- How is neuroblastoma treated?
- Neuroblastoma surgery
- Chemotherapy for neuroblastoma
- Radiation therapy for neuroblastoma
- High-dose chemotherapy/radiation therapy and stem cell transplant for neuroblastoma
- Retinoid therapy for neuroblastoma
- Immunotherapy for neuroblastoma
- Treatment of neuroblastoma by risk group
- Emotional and social issues in children with neuroblastoma
High-dose chemotherapy/radiation therapy and stem cell transplant for neuroblastoma
This type of treatment is often used in children with high-risk neuroblastoma who are unlikely to be cured with other treatments.
Giving higher doses of chemotherapy (and sometimes radiation) might be more effective in treating these cancers, but normally this can’t be done because it would cause severe damage to the bone marrow, where new blood cells are made. This could lead to life-threatening shortages of blood cells.
Doctors can sometimes get around this problem by giving the high-dose treatments, then replacing the patient’s bone marrow cells by giving them new blood-making cells (called stem cells). This is known as a stem cell transplant (SCT).
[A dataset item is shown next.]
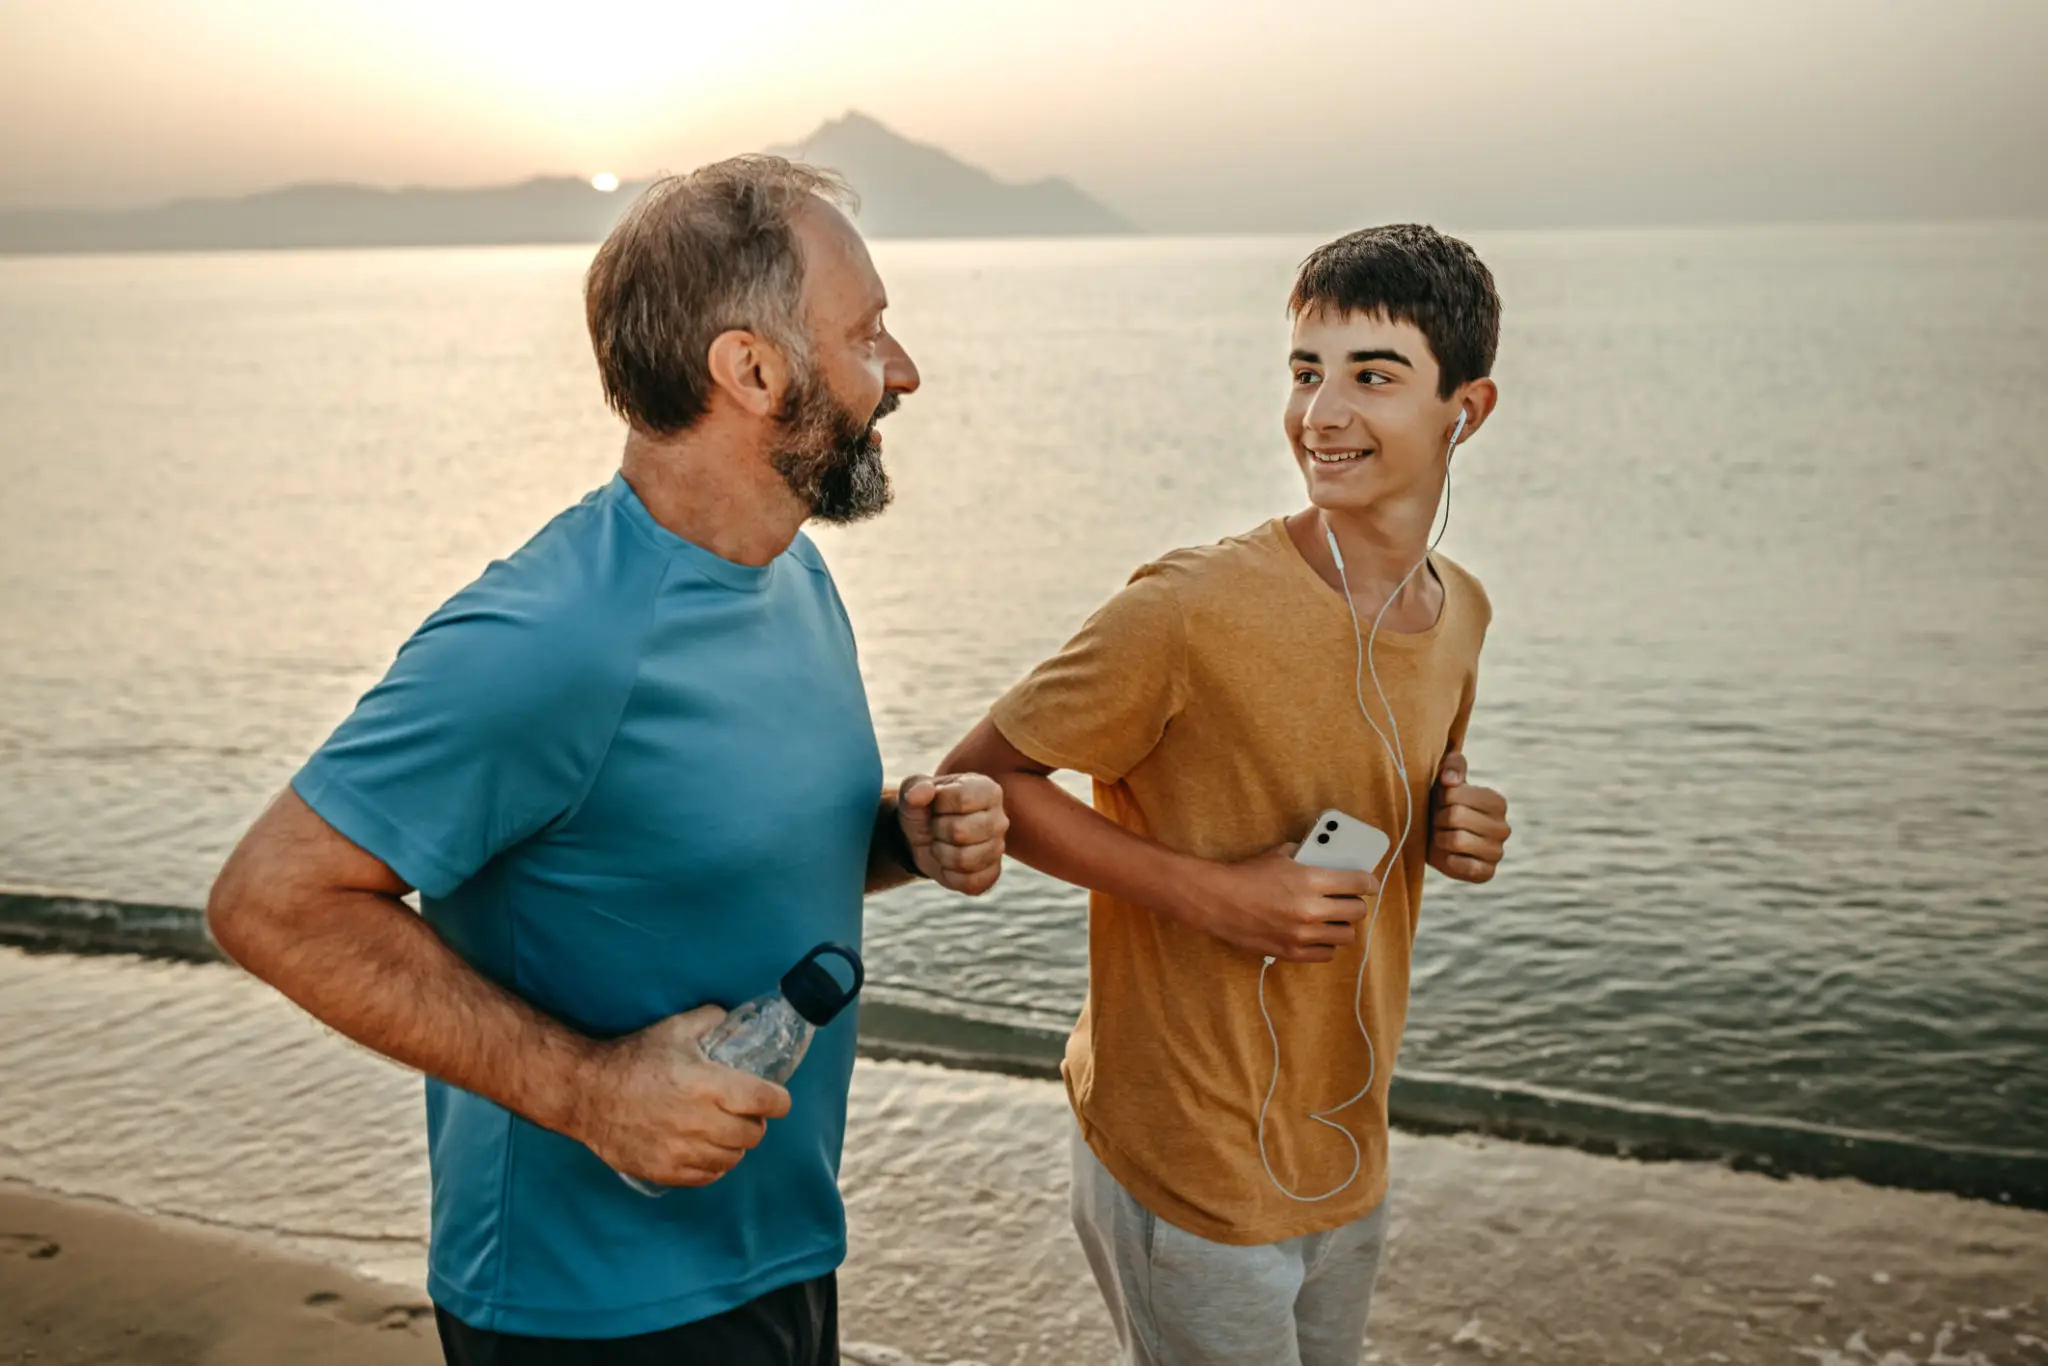 Smiling father and son jogging at beach during sunset

In the past, the stem cells were often collected from the child’s own bone marrow before treatment, which required drilling small holes in certain bones. The treatment was commonly referred to as a bone marrow transplant.
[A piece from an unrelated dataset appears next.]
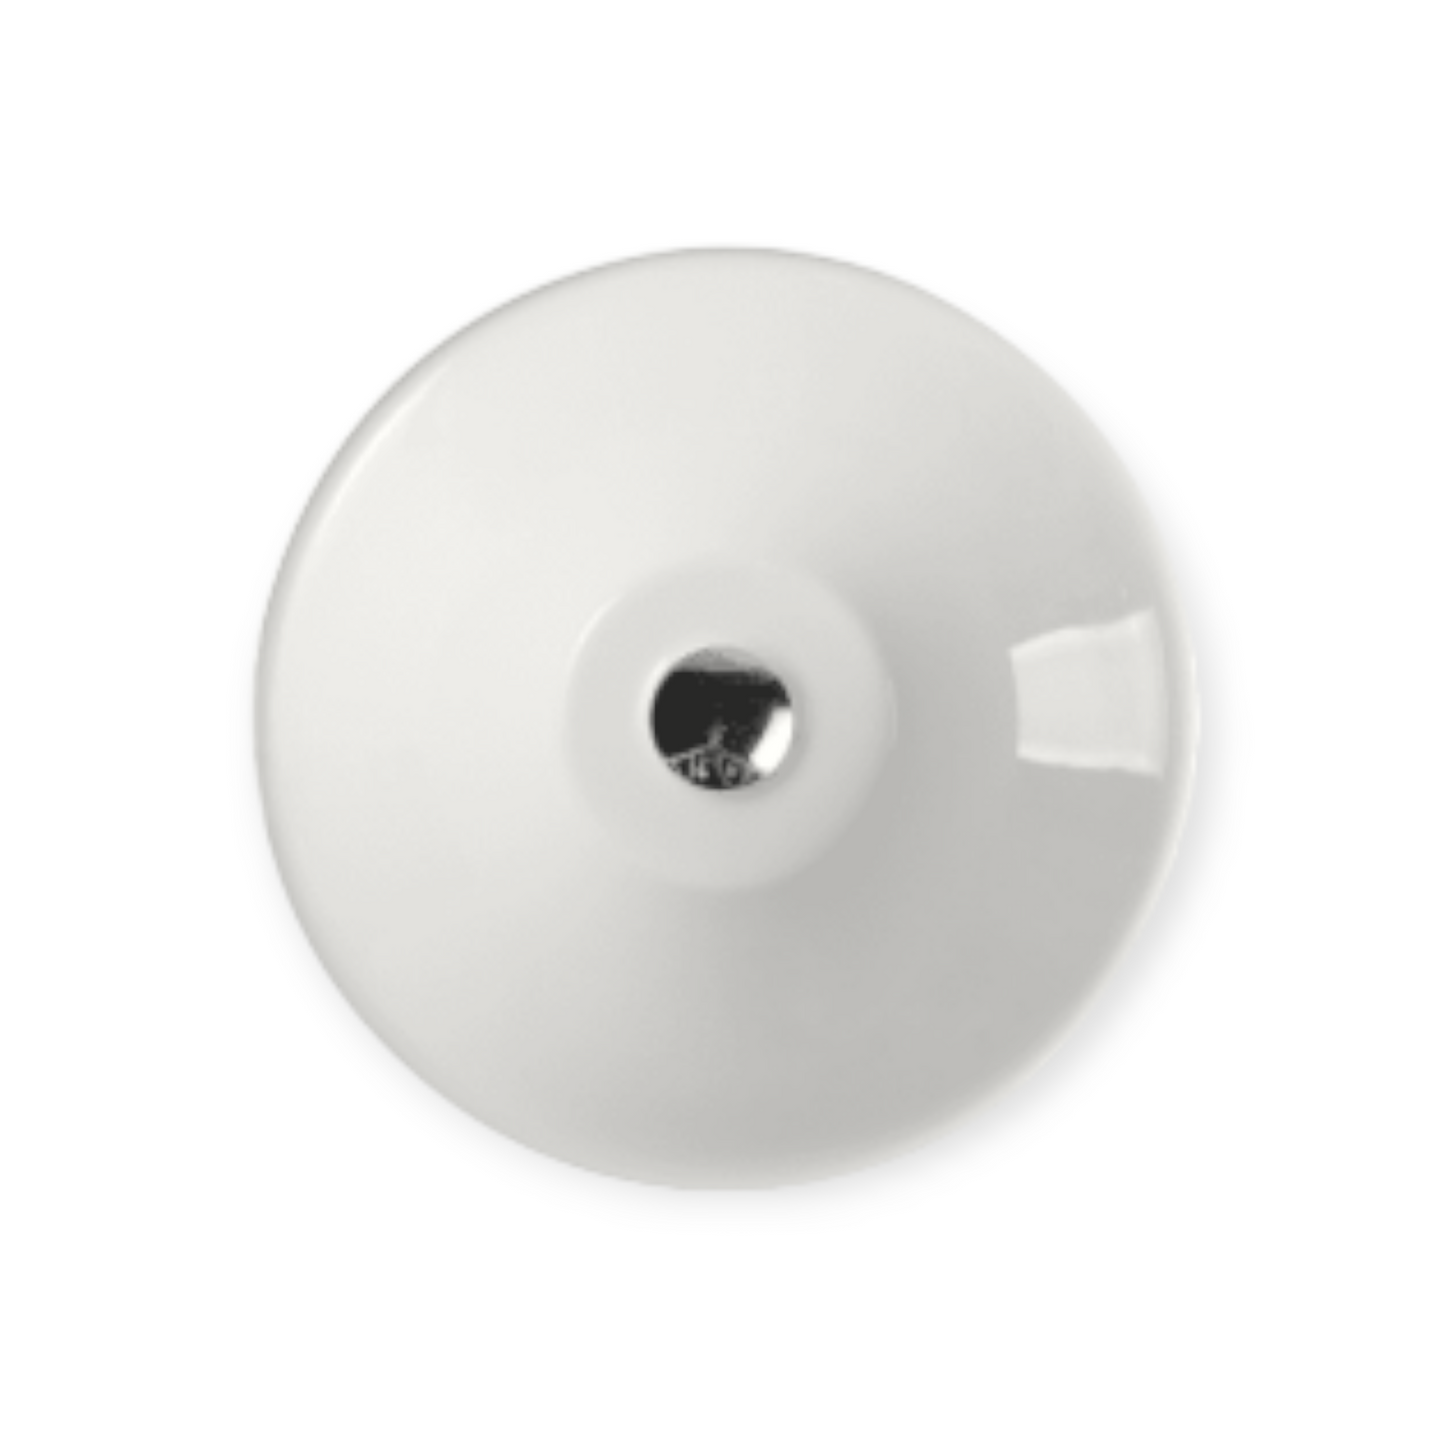 Spin 43B Above Counter Round Basin - Gloss White

But doctors have found that stem cells can be collected from the bloodstream during a procedure known as apheresis. This is similar to donating blood, but instead of going into a collecting bag, the blood goes into a special machine that filters out the stem cells and returns the other parts of the blood back to the person’s body. This process may be repeated over a few days. The stem cells are then frozen until the transplant.
How the transplant is done
Typically, the child will be admitted to the stem cell transplant unit of the hospital on the day before the high-dose chemo begins. He or she will usually stay in the hospital until after the chemo and the stem cells have been given, and until the stem cells have started making new blood cells again (see below).
The child gets high-dose chemotherapy, often along with radiation. This destroys the cancer cells in the body, as well as the normal cells in the bone marrow. After treatment, the frozen stem cells are thawed and given as a blood transfusion. The stem cells travel through the bloodstream and settle in the child’s bone marrow.
Usually within a couple of weeks, the stem cells begin making new white blood cells. This is later followed by new platelet production and new red blood cell production. Until this happens, the child is at high risk of infection because of a low white blood cell count, as well as bleeding because of a low platelet count. To help lower the risk of infection, the child stays in a special hospital room, and visitors must wear protective clothing. Blood and platelet transfusions and treatment with IV antibiotics may also be used to help prevent or treat infections or bleeding problems.
The child usually stays in the hospital room until part of the white blood cell count (known as the absolute neutrophil count, or ANC) rises to a safe level. The child is then seen in an outpatient clinic almost every day for several weeks. Because platelet counts often take longer to return to a safe level, the child may get platelet transfusions as an outpatient. Patients may need to make regular visits to the outpatient clinic for about 6 months, after which time their care may be continued by their regular doctors.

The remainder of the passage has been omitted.